A Gorgosaurus Skeleton Will Be Privately Auctioned Off for the First Time
The specimen is expected to sell for $5 million to $8 million
A 76 million-year-old skeleton of the T. rex relative Gorgosaurus will be sold at a Sotheby's auction later this month in New York. This is the first specimen of its kind available for private ownership—all other known Gorgosaurus skeletons are in museums, per the Associated Press.
The dinosaur lived about 80 million to 73 million years ago, during the Late Cretaceous— about 10 million years before the T. rex. Like T. rex, the Gorgosaurus, which means “fierce lizard,” had sharp teeth and tiny arms. But it weighed only up to about 2 tons, while a T. rex could weigh as much as 8 tons.
This specimen was uncovered in 2018 at the Judith River Formation near Havre, Montana. Sotheby’s estimates it will sell for at least $5 million and perhaps as much as $8 million, per the AP.
“This specimen, which was a very large, mature individual at the time of death, has a particularly well-preserved skull, including a left maxilla and an assortment of cranial bones. Crucially the specimen also contains the three major bones which create the orbit, the feature which distinguishes the Gorgosaurus from the T. rex,” Sotheby's says, per USA Today’s Camille Fine.
The skeleton measures nearly 10 feet tall and 22 feet long. It’s “particularly exceptional” because of the rarity of this species found south of the Canadian border, Sotheby’s writes in an Instagram post.
“In my career, I have had the privilege of handling and selling many exceptional and unique objects, but few have the capacity to inspire wonder and capture imaginations quite like this unbelievable Gorgosaurus skeleton,” Cassandra Hatton, Sotheby’s global head of science and popular culture says, reports the AP.
But though the skeleton can legally be sold, not all paleontologists are happy about it.

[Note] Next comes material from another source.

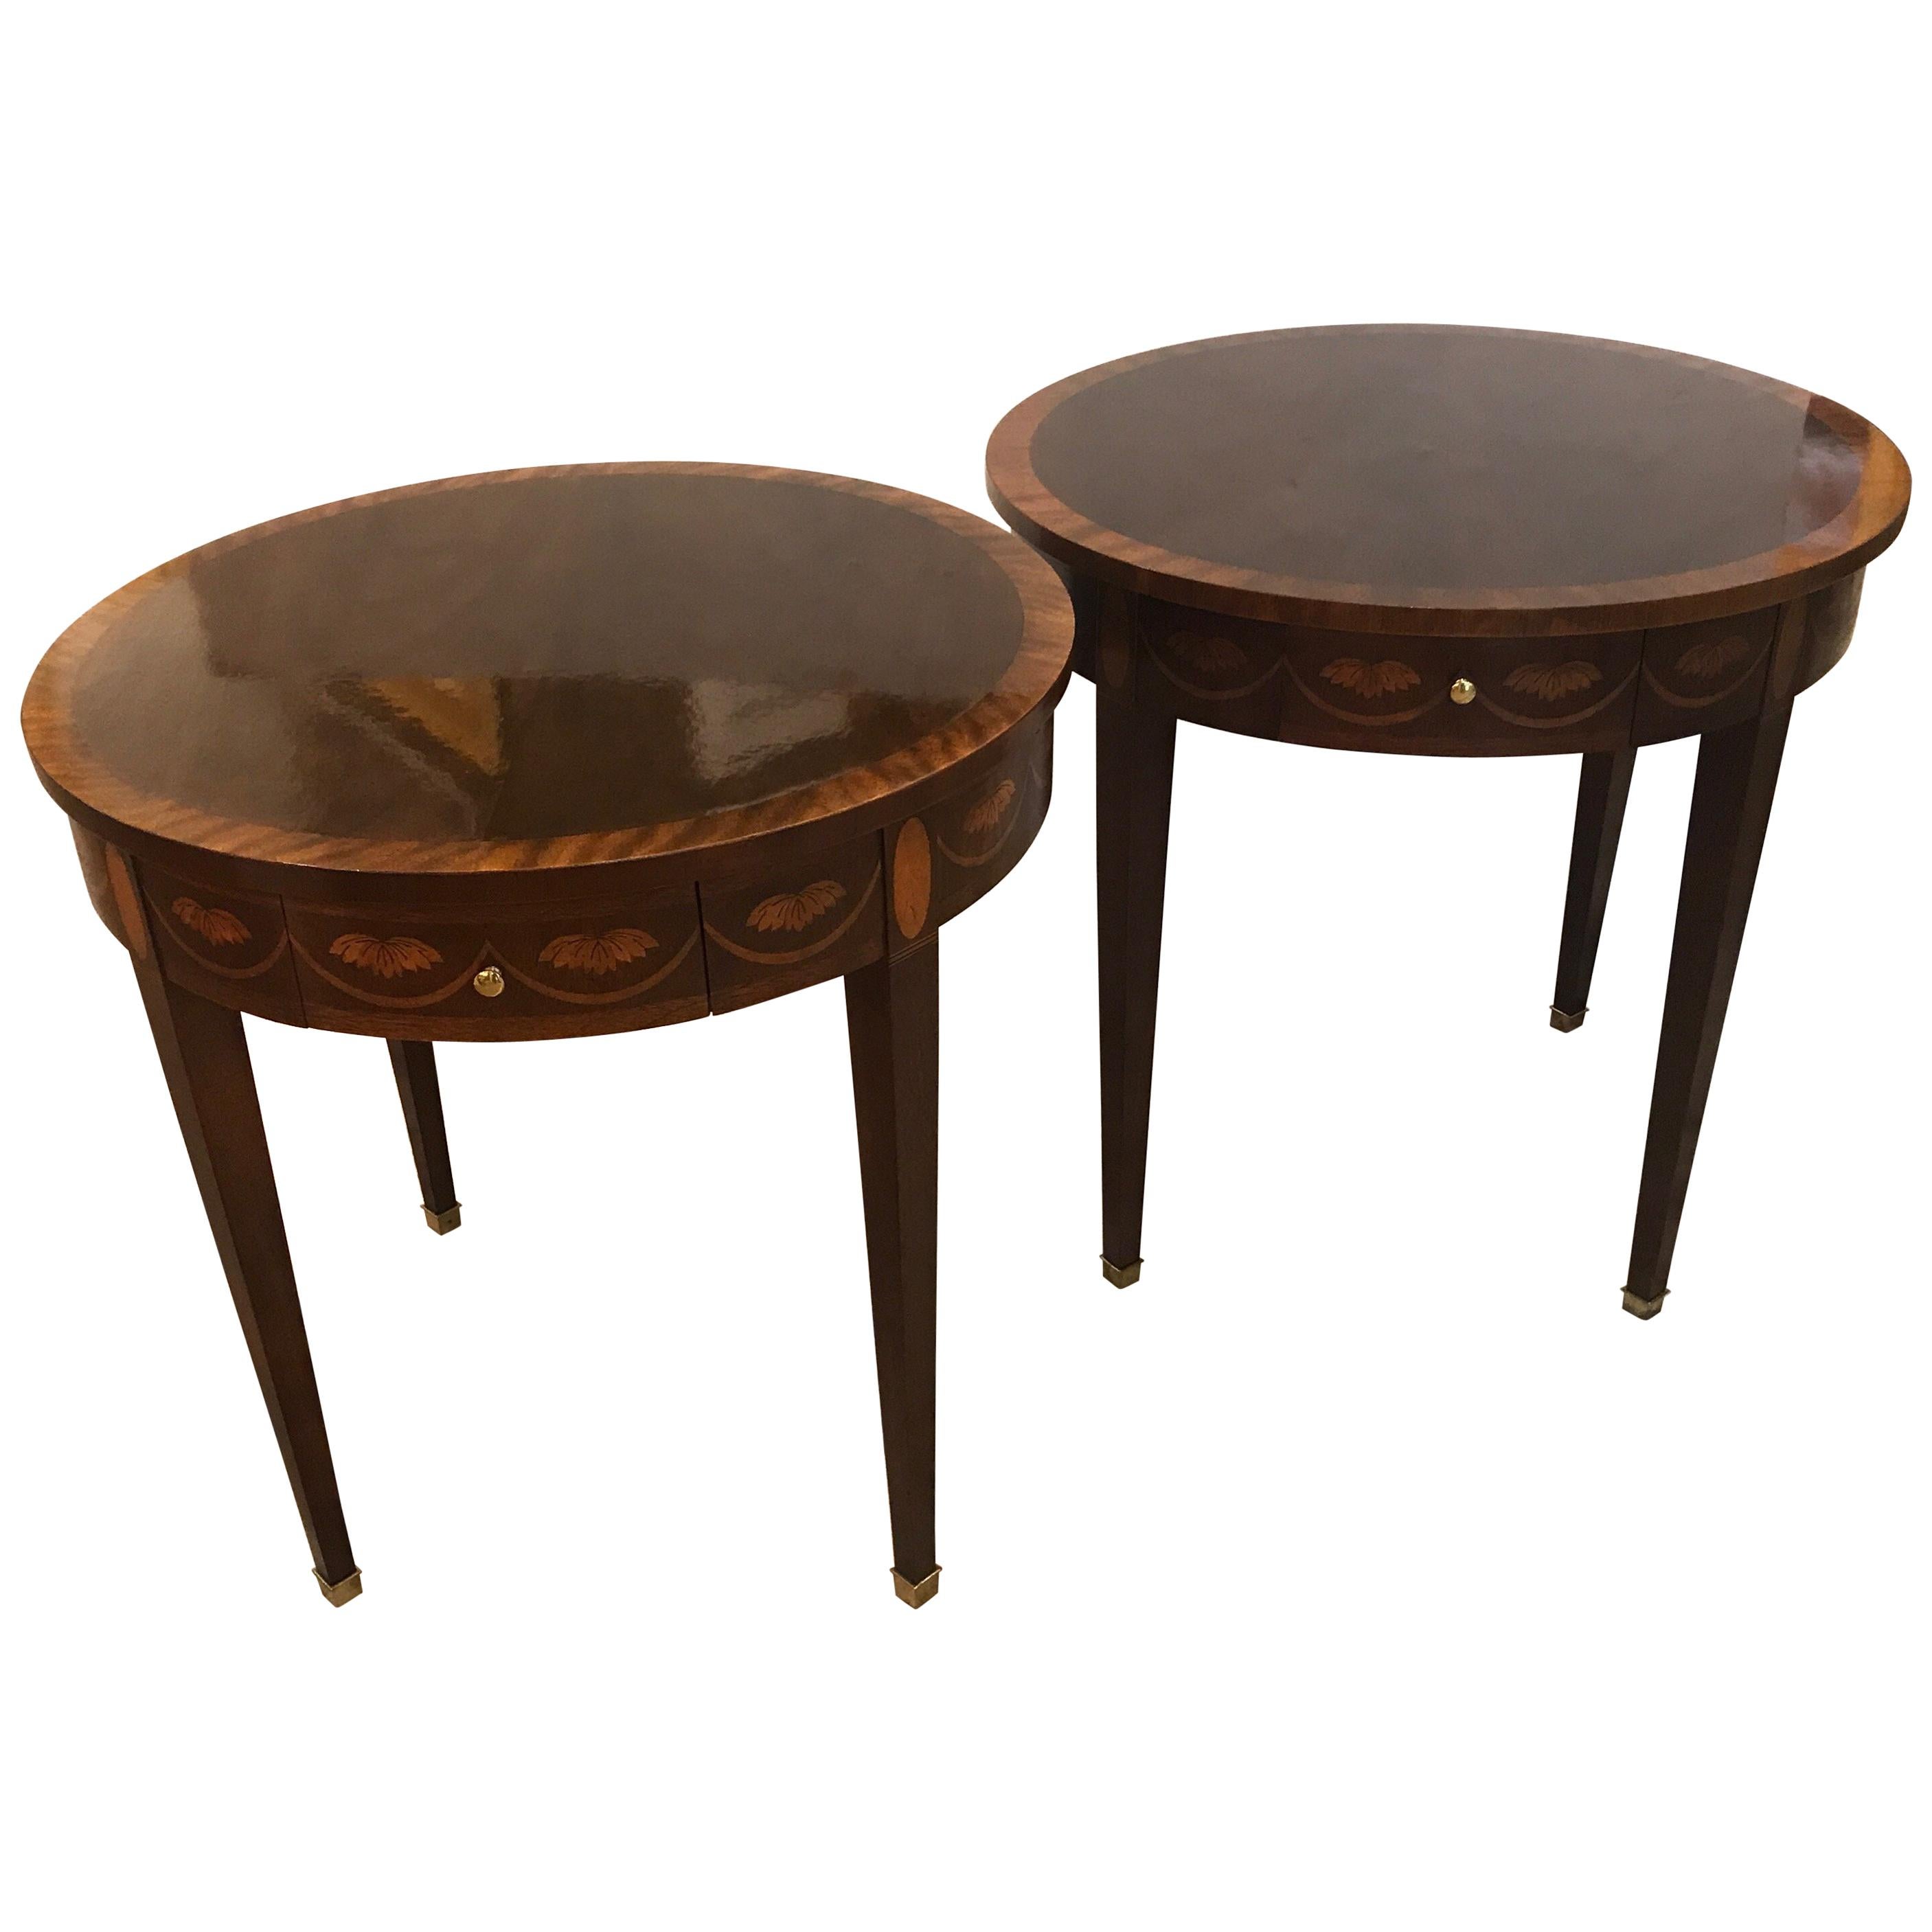 Pair of Round Flame Mahogany Inlaid Side Table by Baker Furniture

"Any time that a vertebrate fossil is being sold, potentially privately, it's disturbing," Gregory Erickson, a paleobiologist at Florida State University in Tallahassee who is not involved with the auction, tells Live Science’s Laura Geggel. "It steals away the potential for scientific advancement. But then again, in this case as near as I can tell, the specimen has been legally collected, so it's fair game. That's where our laws are."
Kat Schroeder, a biologist at the University of New Mexico, also tells the publication that the private sale is “disappointing.”
“We shall have to hope that if this specimen is as nice as it seems, that whomever ends up with it will be willing to donate it to a museum," Schroeder tells Live Science.